Ao discursar sobre o Holocausto, Milton compara uma das passagens mais violentas da história mundial à escravidão: “Os negros vieram da África algemados e tiveram suas famílias divididas para que perdessem suas identidades. Me sinto honrado em participar de um espetáculo como este porque tenho certeza de que isso vai provocar uma análise sobre a história do nosso país”.

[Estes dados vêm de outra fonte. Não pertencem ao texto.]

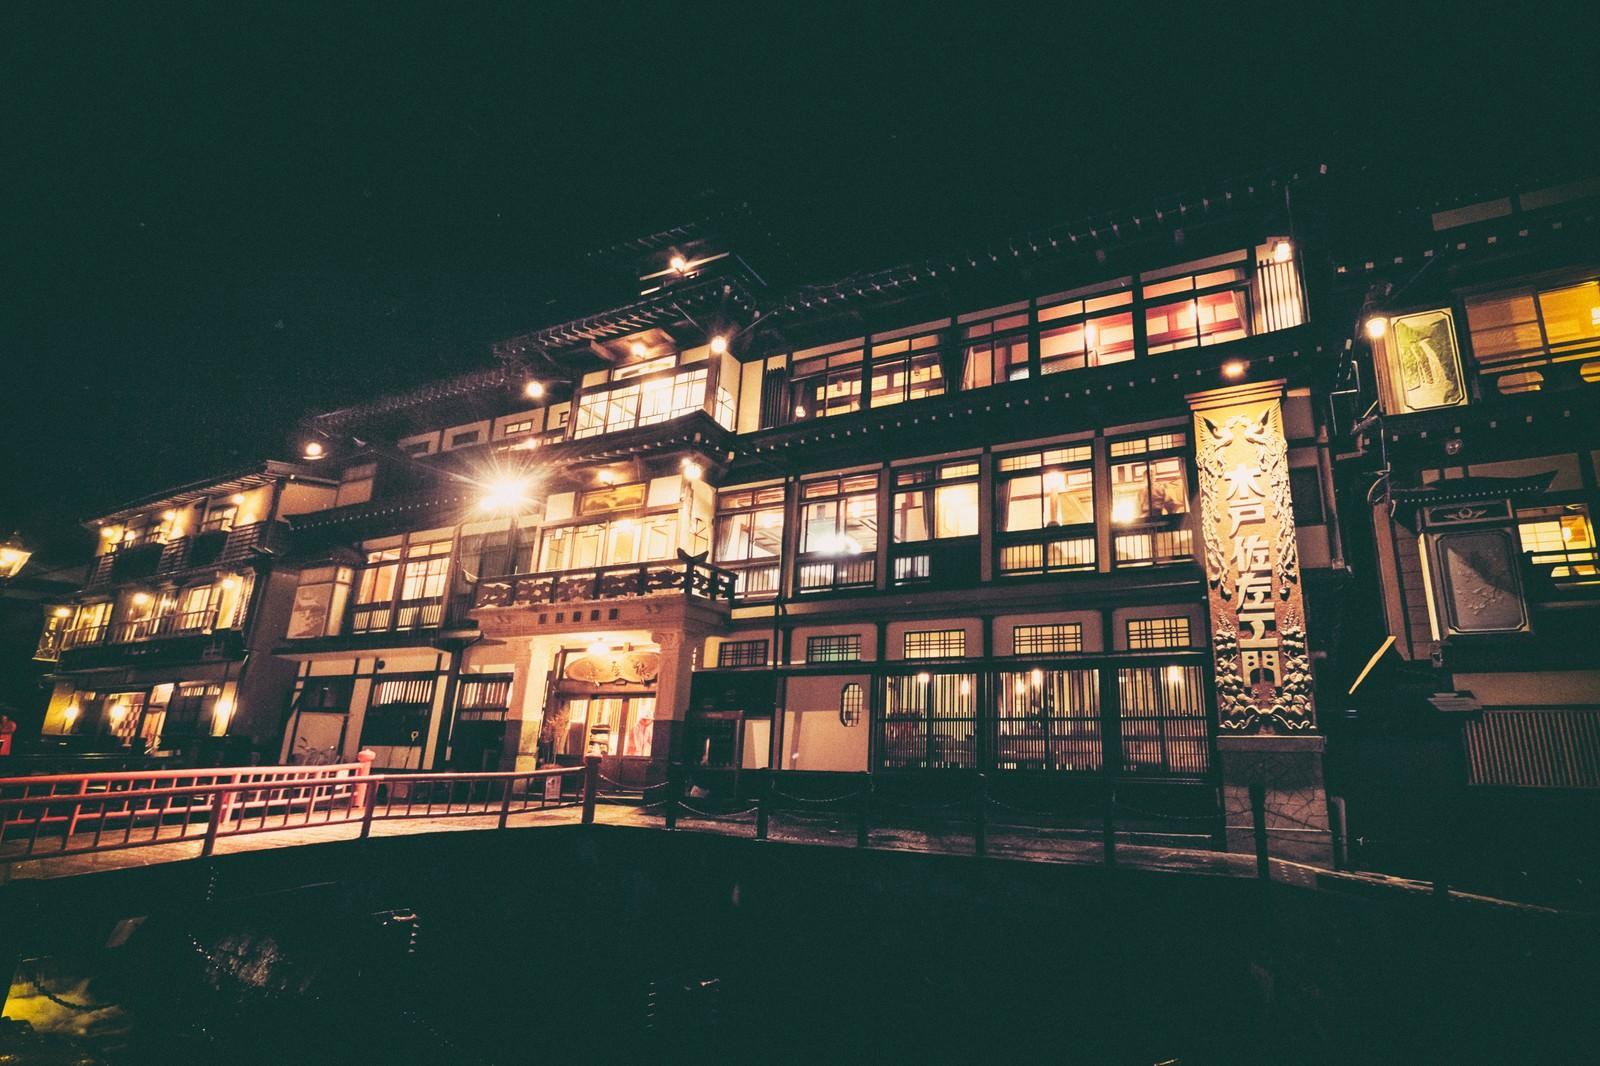 「大正ロマン漂う銀山温泉の旅館(夜景)」の写真
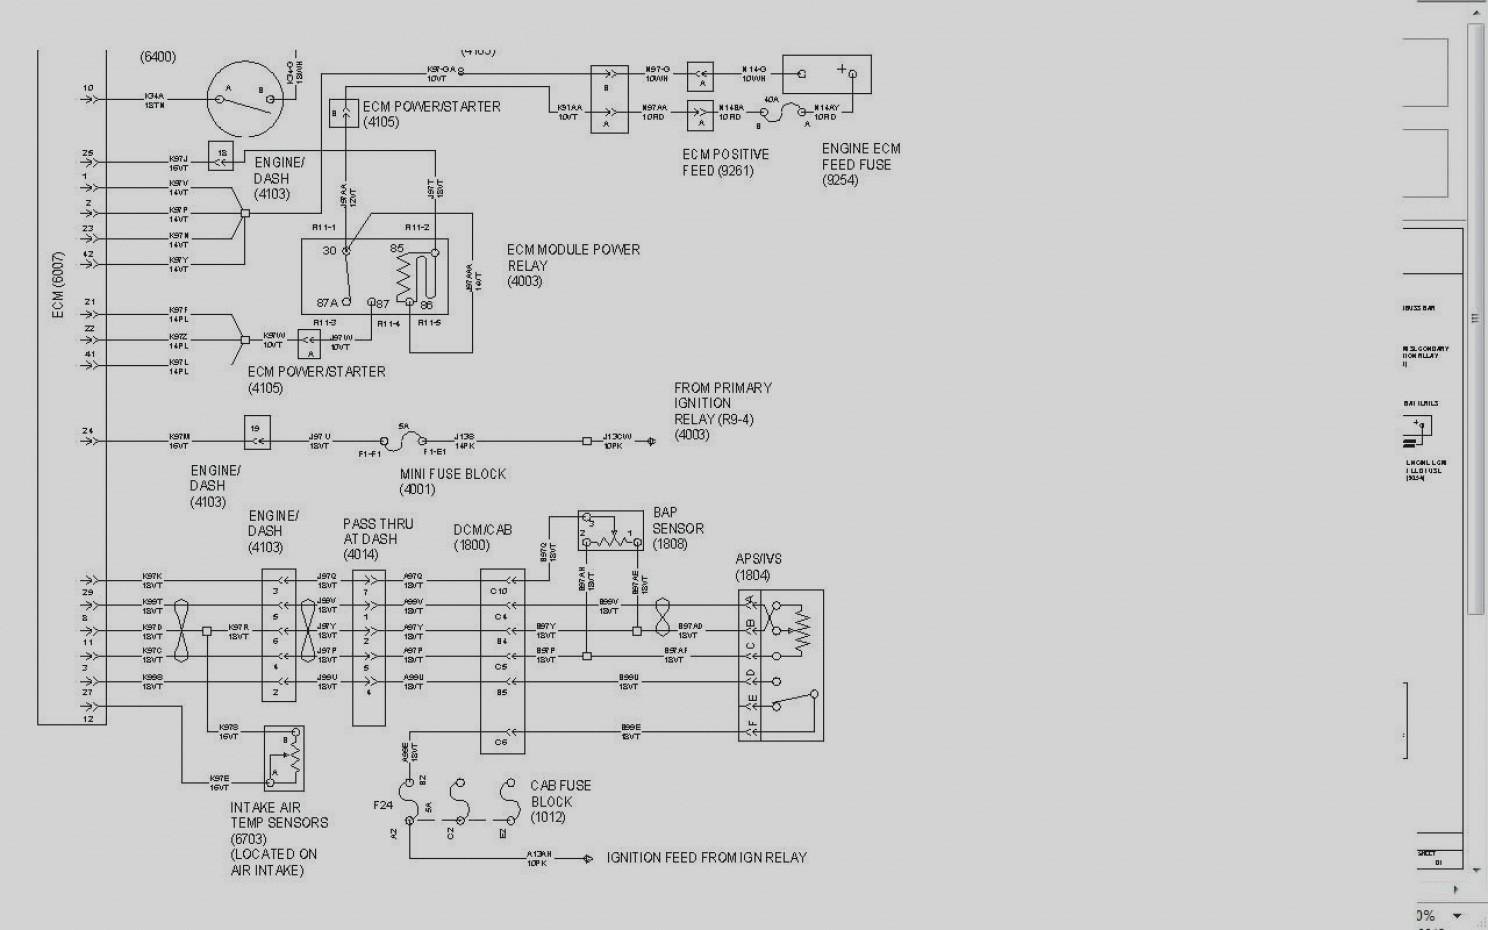 2006 International 4300 Wiring Diagram - Wiring Diagram
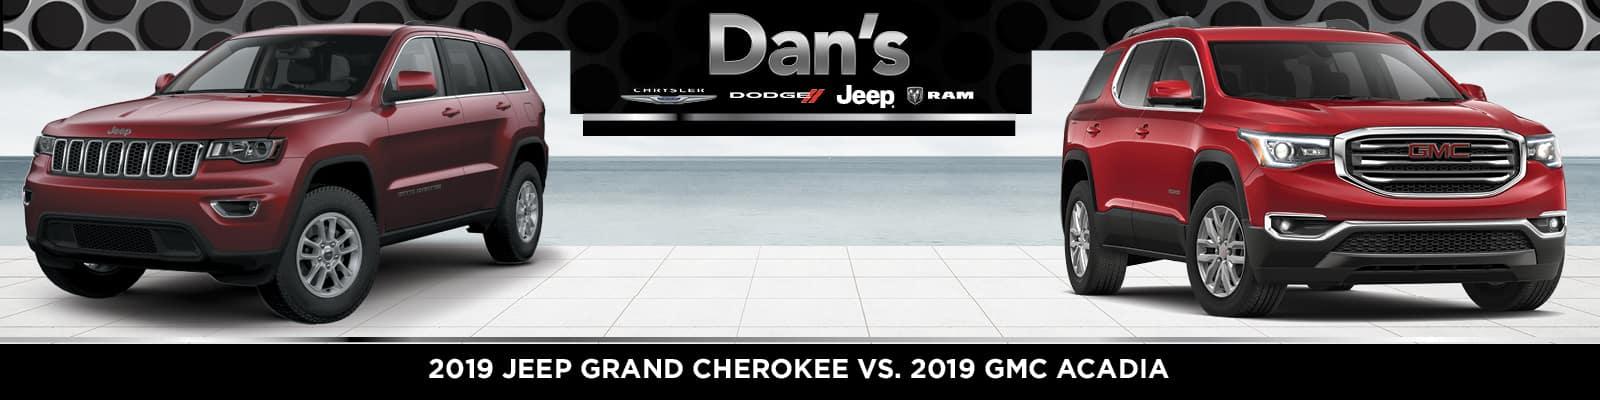 Jeep Grand Cherokee vs. GMC Acadia

Mesmo não tendo um conhecimento vasto sobre a língua inglesa, Gonçalves está se entendendo muito bem com o diretor Robert Castle. Disciplinado, o ator procura atender às exigências do norte-americano. Na pele de Otto Frank, Milton contracena a maior parte do espetáculo com a jovem Yasmin Gomlevsky e não poupa elogios à estreante: “Ela tem uma energia fantástica. Minhas filhas eram iguais a ela na adolescência, muito velozes, espevitadas e atentas a tudo”, diz.

Pierre Baitelli vive Peter Van Daan, um jovem tímido e retraído que descobre o primeiro amor ao dividir a mesma casa com Anne Frank e sua família: “Ele é muito introspectivo, mas vê na Anne a possibilidade de ser diferente. Ela é uma menina espalhafatosa e barulhenta e ele acaba se encantando por ela”. O ator só fica no elenco de “O Diário de Anne Frank” por um mês, já que em 10 de julho reestreia a nova temporada do musical “O Despertar da Primavera” em São Paulo. O ator será substituído por João Pedro Zappa, que contracenou com Pierre na minissérie “Cinquentinha”, da TV Globo.

Preparar-se para esta montagem foi um desafio e tanto para Pierre, que precisou ensaiar ao mesmo tempo “O Diário de Anne Frank” e “Hedwig e o Centímetro Enfurecido”, que estreia no Rio de Janeiro em agosto. Com direção de Evandro Mesquita, Baitelli e Paulinho Vilhena farão travestis no musical. As principais dificuldades encontradas por Pierre neste novo projeto é aprender a andar de salto, se adaptar a ter uma peruca na cabeça e saber como sentar-se usando uma minissaia: “A intenção é não deixar o personagem cair em uma caricatura. Acho mais interessante observar a expressão corporal de mulheres do que a de um travesti porque acho que desta maneira o papel não ficará tão estereotipado. Ainda tenho muito chão pela frente para construir o Hedwig”, revela o ator.